FIGURE 5-5 • The prognostic potential of gene expression signatures for hypoxia. Seigneuric et al.⁵⁵ analyzed cell line data to define signatures for genes up-regulated at early times during hypoxic incubation (“early”; acute hypoxia) or after long times (“late long”) chronic hypoxia. Acute signatures (A) had greater potential to distinguish good and poor prognosis in breast cancer patients than chronic signatures (B).

(From Seigneuric R, Starmans MH, Fung G, et al: Impact of supervised gene signatures of early hypoxia on patient survival, Radiother Oncol 83:374-382, 2007.)
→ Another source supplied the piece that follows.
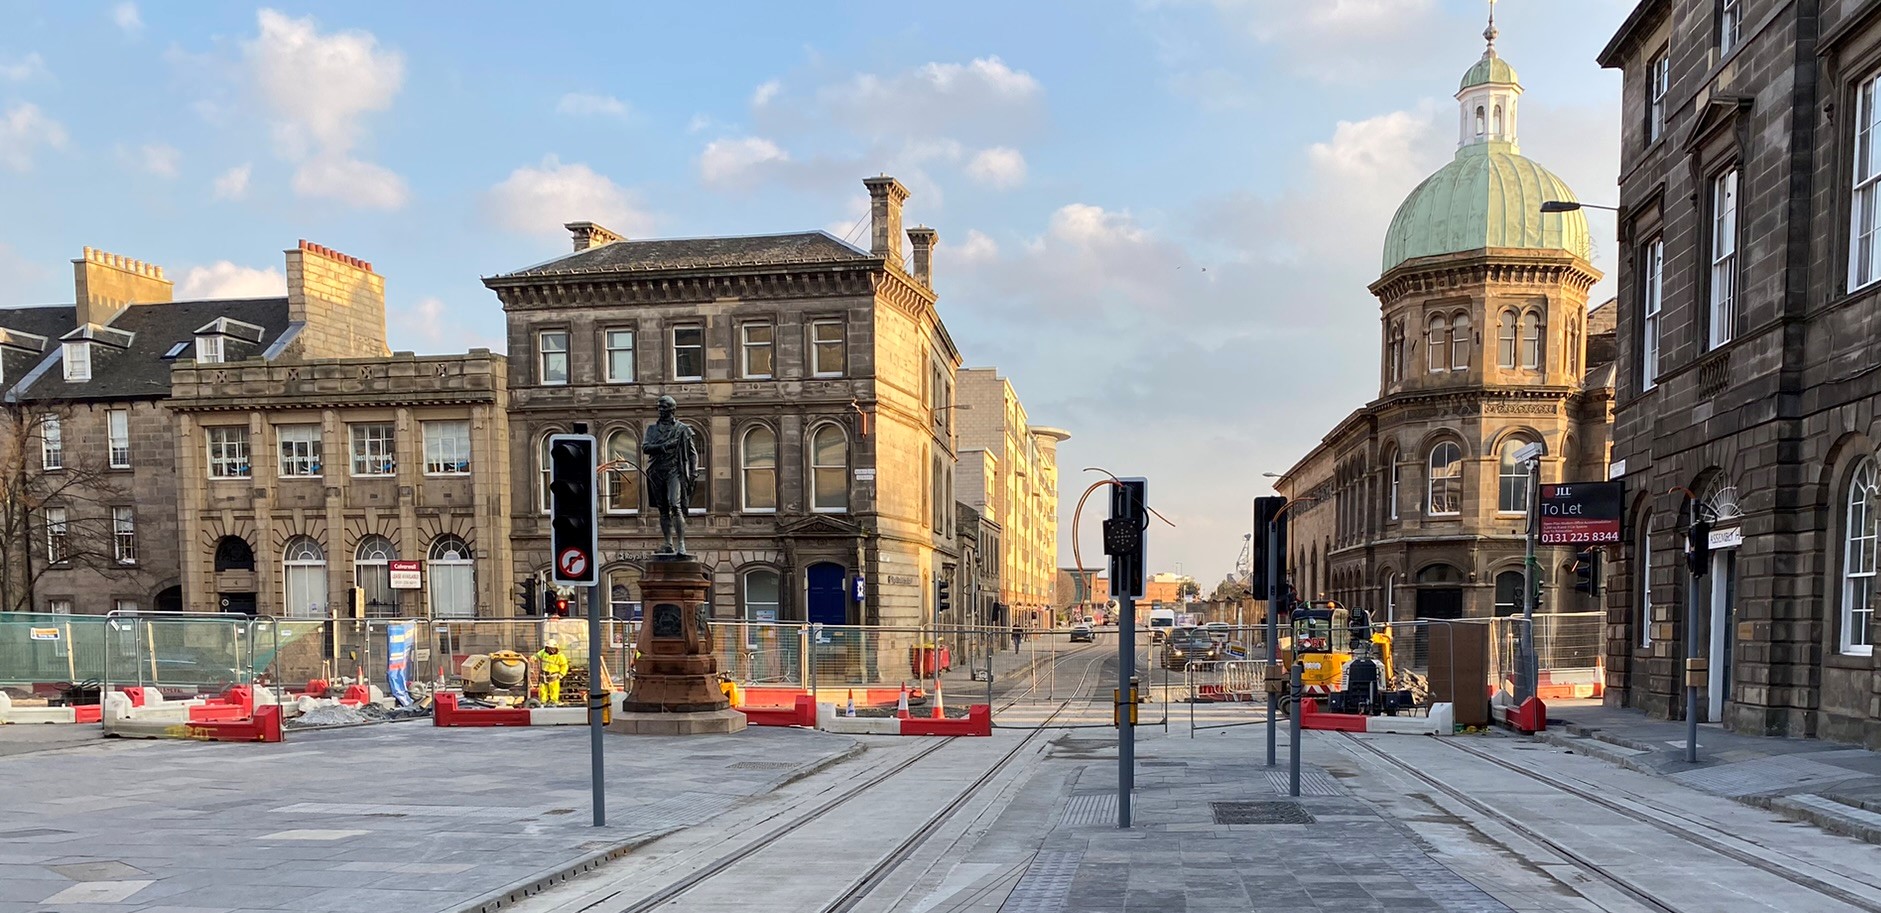 View of the Constitution Street / Bernard Street junction with the Robert Burns statue

An alternative method of deriving hypoxic signatures was described by Winter et al.⁵⁸ They first chose 10 genes known to be HIF-1α (and thus hypoxia)–dependent. They then looked for other genes whose expression correlated with expression of these 10 “seed” genes across a series of human head and neck carcinomas. In this way they defined a hypoxic metagene of 99 genes. This metagene had prognostic value in both head and neck and breast cancer, supporting the notion that hypoxia is an important negative prognostic factor and that gene signatures can be used to monitor it.

Repopulation

During the course of fractionated radiotherapy, tumor cells that have survived (remained clonogenic) up to that point can begin to divide and will increase the number of cells to be killed with the remaining dose fractions. Such tumor cell repopulation is a particular risk during weekends and other gaps in therapy. Cell kill by radiotherapy is thus counteracted by cell production (repopulation) in the treatment gaps. The greater the capacity of a tumor for repopulation, the greater the effective resistance of that tumor will be. Further, the more gaps in treatment there are, the greater the opportunity will be for repopulation. Evidence for this is strongest in head and neck cancer where a number of studies on the influence of treatment time, including split dose and accelerated fractionation, have consistently shown either worse local control if the treatment time is longer, or that higher radiation doses are needed for a given level of local control.^1–4 This is most likely to be due to repopulation, which can therefore limit cure in some cancers. The influence of repopulation will vary between cancers of the same type, and between different types of cancer. Cancers that are in general more slowly growing, (e.g., breast and prostate), may be at less risk from repopulation, although some tumors within these types may be capable of rapid repopulation. It is therefore important to be able to predict repopulation in individual tumors.